Restaging is actually a form of sublimation: a purposeful forgetting of the initial intentions of an entire generation (Abramovic and her ego notwithstanding), and as well, a simulation of an anticommercial, preconsumerist culture. And what is simulation but a kind of yearning for simultaneity—the nostalgia of wanting to have experienced it
firsthand? Amelia Jones indexed this feeling theoretically, in 1997, discussing the haunting of performance art “in absentia”:
I was not yet three years old, living in central North Carolina, when Carolee Schneemann performed Meat Joy at the Festival of Free Expression in Paris in 1964; three when Yoko Ono performed Cut Piece in Kyoto; eight when Vito Acconci did his Push Ups in the sand at Jones Beach and Barbara T. Smith began her exploration of bodily experiences with her Ritual Meal performance in Los Angeles...This agenda forces me to put it up front: not having been there.

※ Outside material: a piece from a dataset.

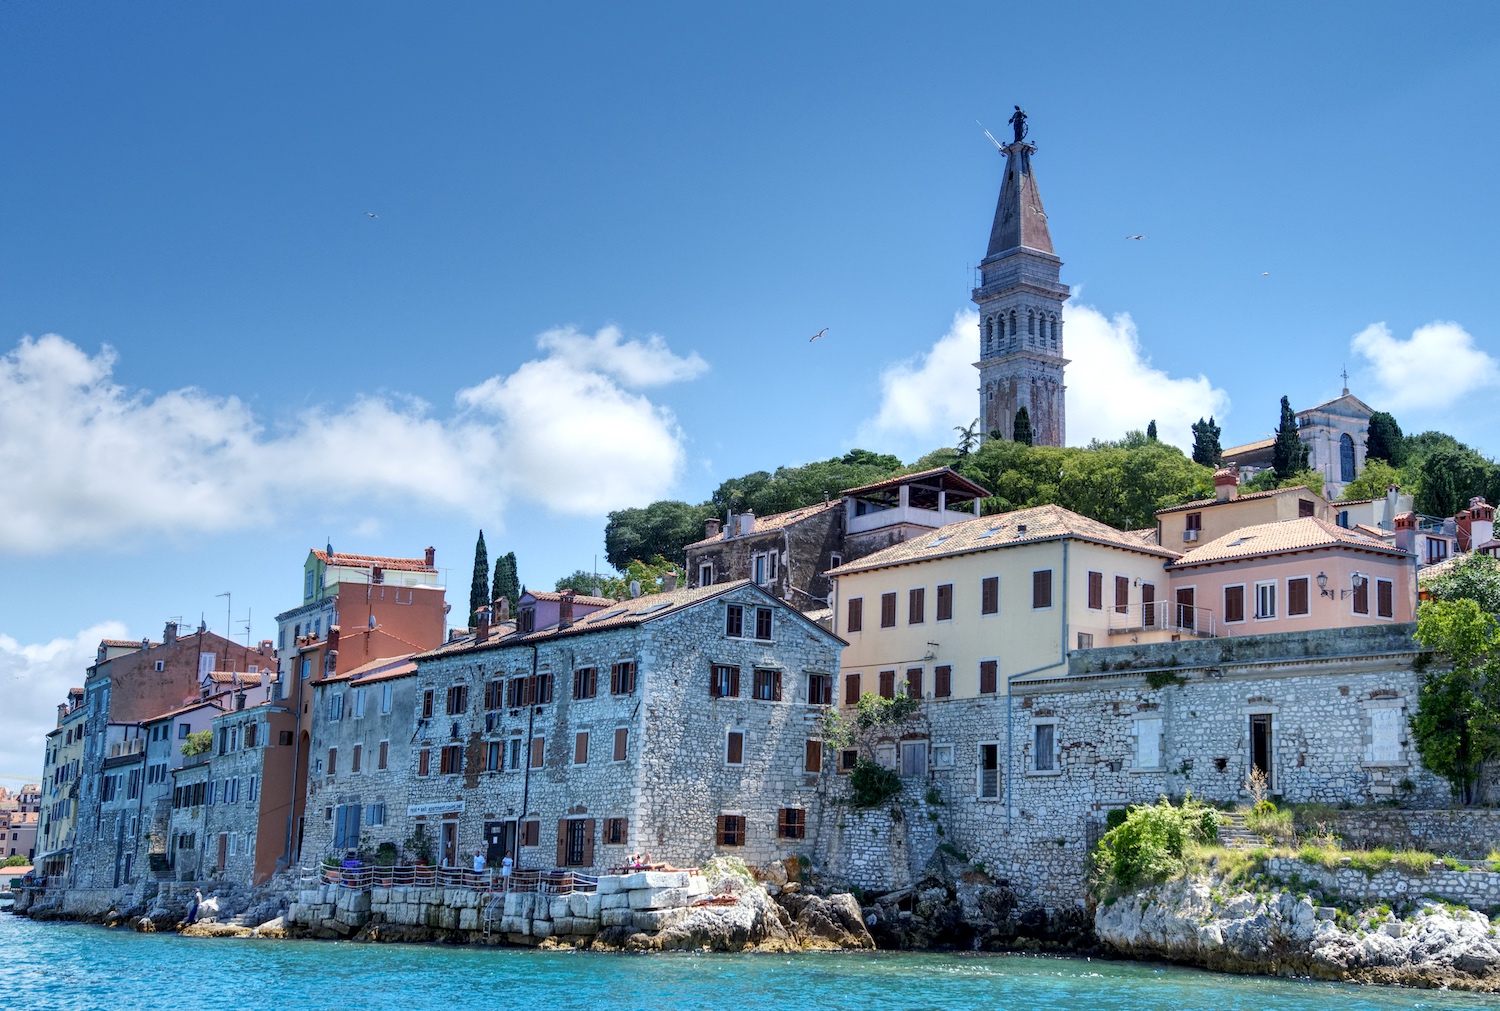 Travelling the Croatian Adriatic coast by motorhome

I feel for Amelia Jones, except that, born in the late 1970s, I am now two generations removed from the performances of the 1960s. Despite this distance, the decade has left an incredible nostalgia marked on my entire generation. We were marked with a longing for the social rebellion, radical politics, and utopian ideals that propelled the antiwar effort, sexual liberation and activist groups that aspired to an elimination of war, poverty, racism, nuclear weapons and social injustice. My generation grew up on these collective narratives that have continued to influence our own idea of what youth culture was, or what it should be. Many times we were just imitating what had already been, wearing bell-bottoms and smoking Indian cigarettes, renting French New Wave films at the local Blockbuster (remember those?), and buying the CD version of what some people’s parents already had on LPs in the basement. It is as blasphemous as it sounds, but it is my generation that attempted to restage its own version of Woodstock in 1999. For many of us, this is where the collective peace-and-love affair ended, and became, instead, the misdirected energy of attempting to go back.